The forest dropped down toward a dark artery that oozed along the valley floor. To the west, clusters of ghostly lights cut through the mist like a warning. Beyond them, a jagged tower jutted above night-blackened walls with battlements like teeth. Atop its turret, a flag shimmered argent in the moon’s glow.

Shadrak rummaged about in his bottomless bag and pulled out the goggles with the pliant strap. Fixing them in place, he focused on the lights of the settlement.

The darkness brightened to a soft green tint, and he could now see squat houses as if he were up close to them. They were arrayed about a domed structure in perfect circles, each with a hanging lantern marking the entrance. Broad concourses divided the dwellings like the spokes of an enormous wheel, every avenue leading to hub that was the dome.

Raising his eyes to the castle, Shadrak could see hazy red figures passing between the merlons, ascending and descending the steps coiling around the tower.

The flag came into sharp focus next, its frayed and stained fabric bearing the emblem of a cross.

He lowered his gaze to the rocky plinth at the base of the curtain walls.
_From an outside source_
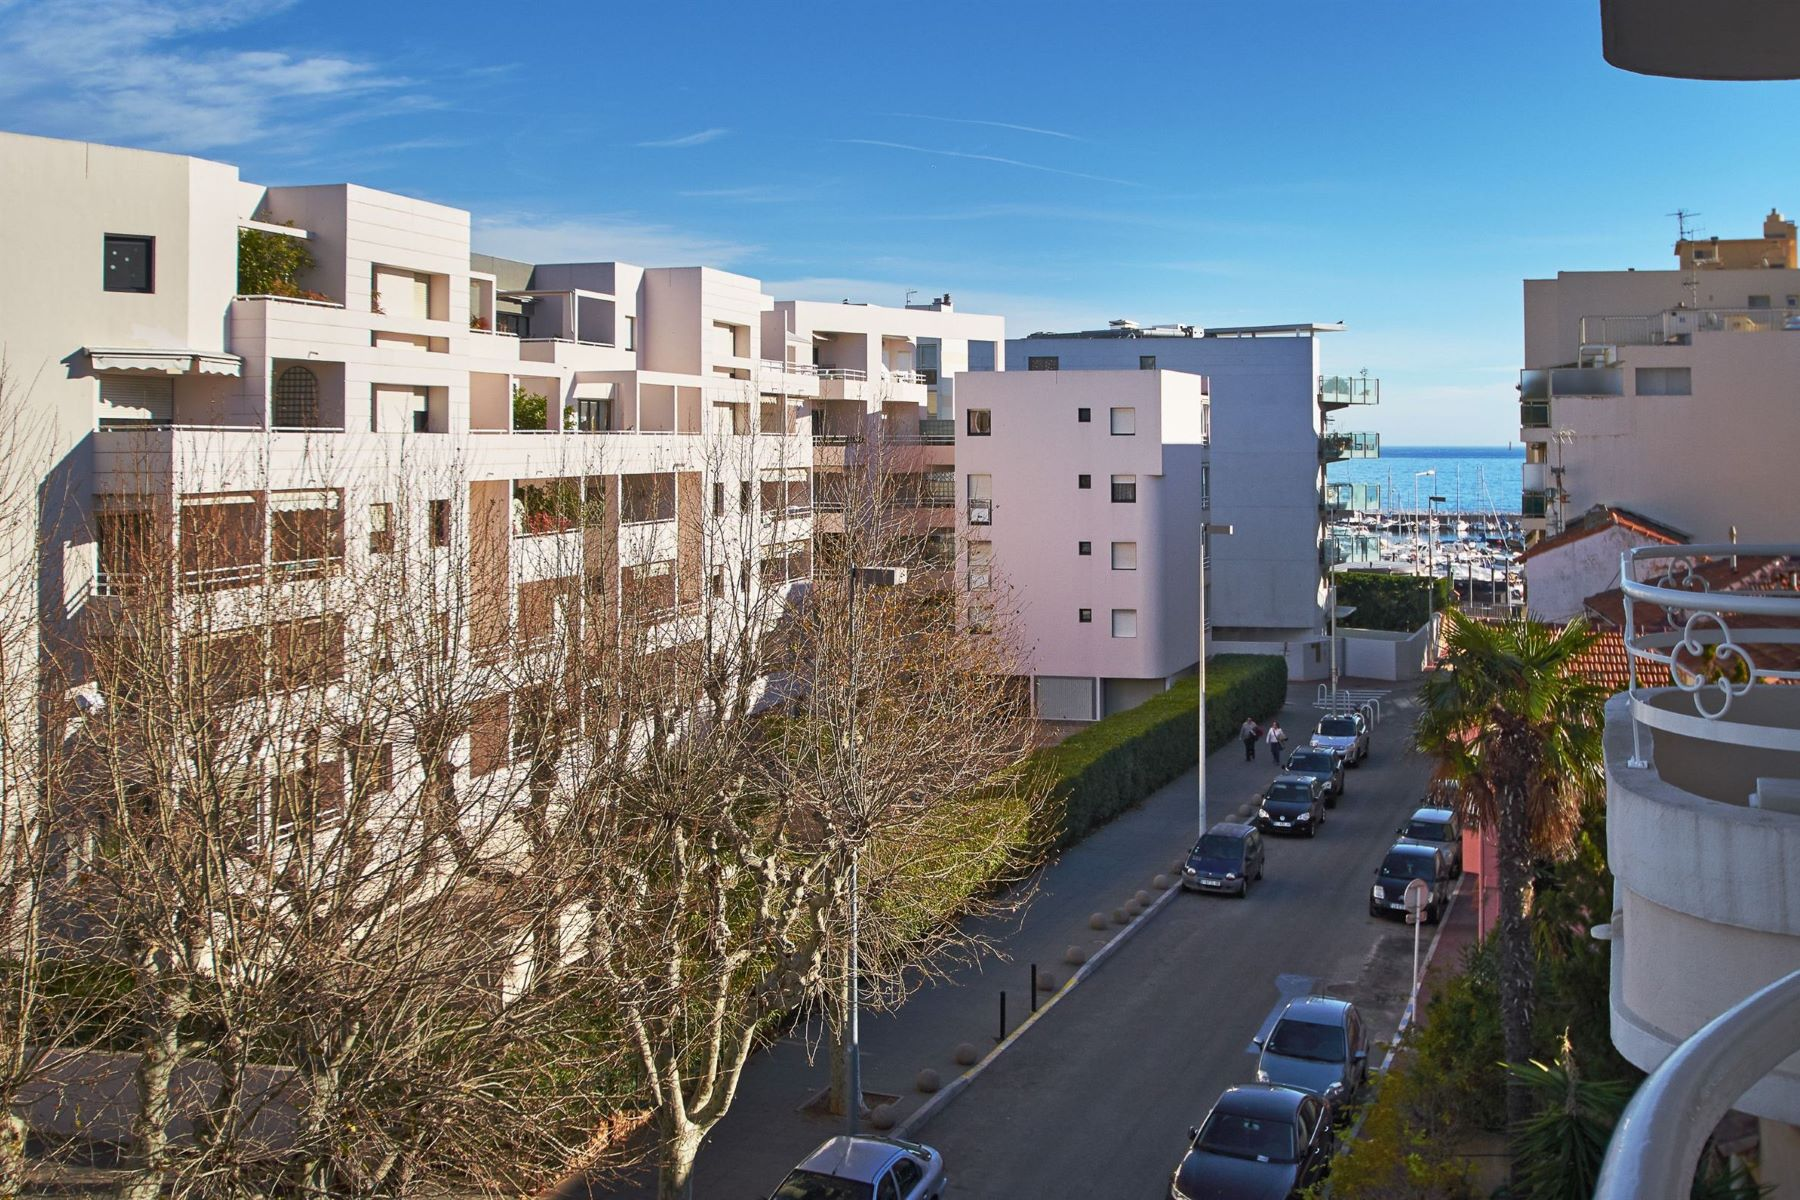 Квартира для того Продажа на 2 beds apartement for sale in Cannes Palm Beach Cannes, Прованс-Альпы-Лазурный Берег, 06400 Франция

There were scores of spikes thrust into the ground, sacks or rags hanging from them like an army of scarecrows.

“Place puts a creep in my crotch, laddie,” Nameless said, breath misting through the eye-slit of the great helm. “What can you see?”

Shadrak lifted the goggles and left them pressing against his hair. “Wolfmalen.” He pointed at the town, which had reverted to pinpricks of brightness against the still black of night.

“In the heart of Verusia’s Schwarzwald,” Ludo said, squinting into the distance, arms hugging his chest. His lips had the faintest tinge of blue, and the moonlight etched his face with deep crevasses and pools of shadow.